View all publications

Appendix I: Notes on the Upper Confidence Limit

The upper confidence limit (UCL) is a statistical term that can be calculated for data collected from a statistically designed soil-sampling programme. The method for calculating the UCL will depend on the data distribution. Soil samples collected from a statistically designed programme are taken to be representative of the actual environmental conditions onsite (ie, samples collected are a subset of the actual site conditions, but represent the whole site).

The 95% confidence interval (or error) is the region about the sample mean that is likely to contain the underlying population mean (representing the whole site itself) with a probability of 95%. Confidence intervals of 80%, 90%, 99%, 99.5%, etc. can be similarly defined. In other words, based on the samples collected, there is a probability of only 5% (1 in 20) that the population mean for the entire site will fall outside the boundaries defined by the 95% confidence interval. The confidence interval is dependent on the sample size, with the interval estimate providing an indication of how much uncertainty there is in the estimate of the true mean. The larger the population size (recommended n > 30), the narrower the confidence interval.
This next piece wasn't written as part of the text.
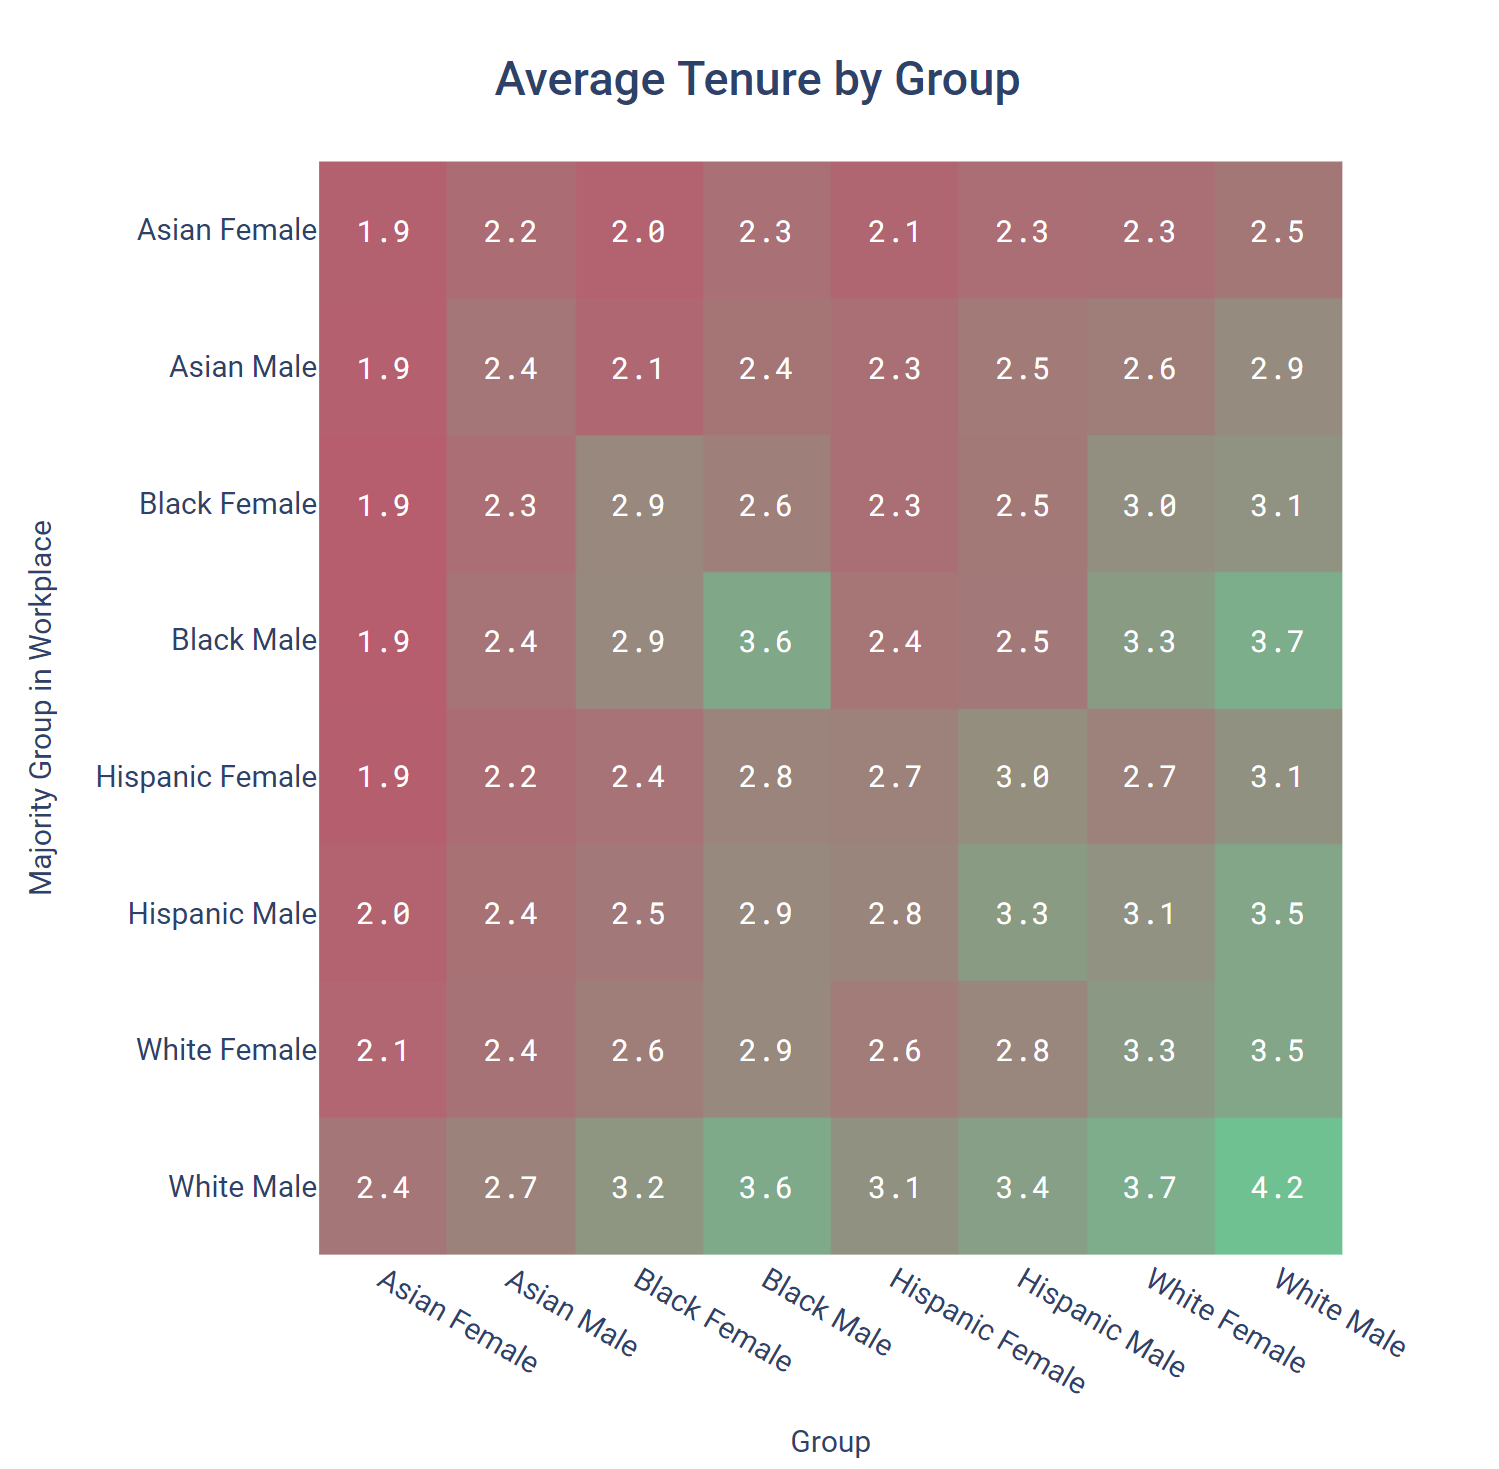 Average Tenure by Group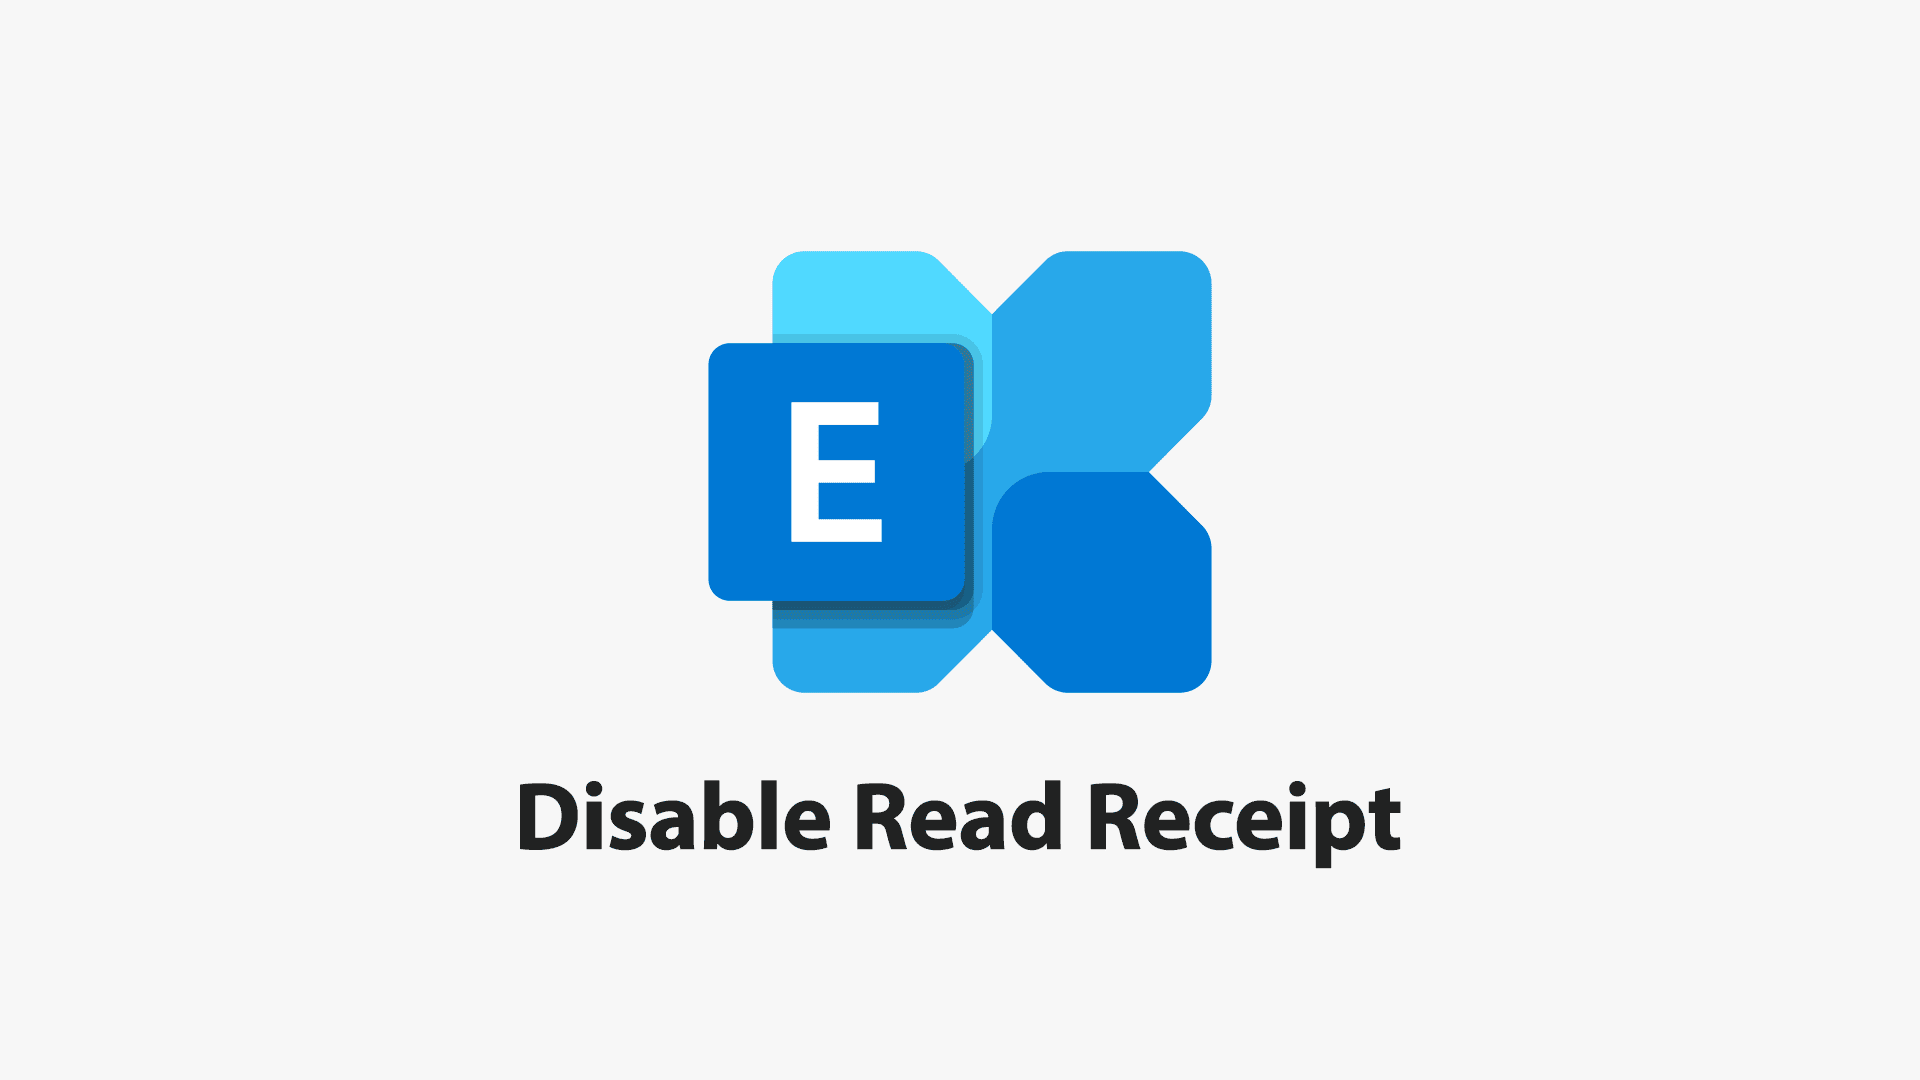 How to disable read receipt requests widely for senders from outside organizations in Microsoft 365

The 95% confidence limit is simply the mean plus or minus the confidence error, giving an upper and lower confidence limit, respectively. For contaminated sites, the UCL is naturally of more interest than the overall confidence interval, and further discussion focuses on this.

In order for an estimated UCL to be valid, the method selected has to be appropriate for the underlying distribution. Under some circumstances, such as broad-field horticultural soil sampling away from any spray shed or mixing area, the distribution of contaminants is likely to be normal. In these cases, the UCL can be calculated from either the Student's t-distribution (n < 30) or the normal distribution (n > 30), depending on the number of samples. However, at most contaminated sites the distribution of contaminants is not normal. The more frequent pattern is a cluster of low to mid-range results containing most observations, along with a smaller group of results containing very high observations, representing the most contaminated areas. In these cases, a number of approaches are possible for estimating the UCL.

A software package designed to assist in calculating the confidence interval and UCL, called ProUCL, is provided free of charge by the US EPA. This provides 10 possible methods for calculating the UCL, and can also be used to check data normality. At the time of writing, it is available from: www.epa.gov/esd/tsc/TSC_form.htm.

However the UCL is estimated, it is worth noting that the value does not represent the 'worst case scenario' for a site but the limit above which the site average is unlikely to occur. As such, it can form a useful part of a statistical summary, but is not the final word on contamination. Valuable uses for a properly derived UCL are:

  • conservative estimation of long-term (chronic) exposure risk, where the nature of contaminants and the concentrations are such that short-term (acute) exposure is not an issue - UCLs are appropriate for this because long-term risk relates to averaged and aggregated exposure
  • comparing results to a (long-term) guideline value - as a rule of thumb, the site will be acceptable if the 95% UCL is at or below the guideline, provided no result is more than twice the guideline value.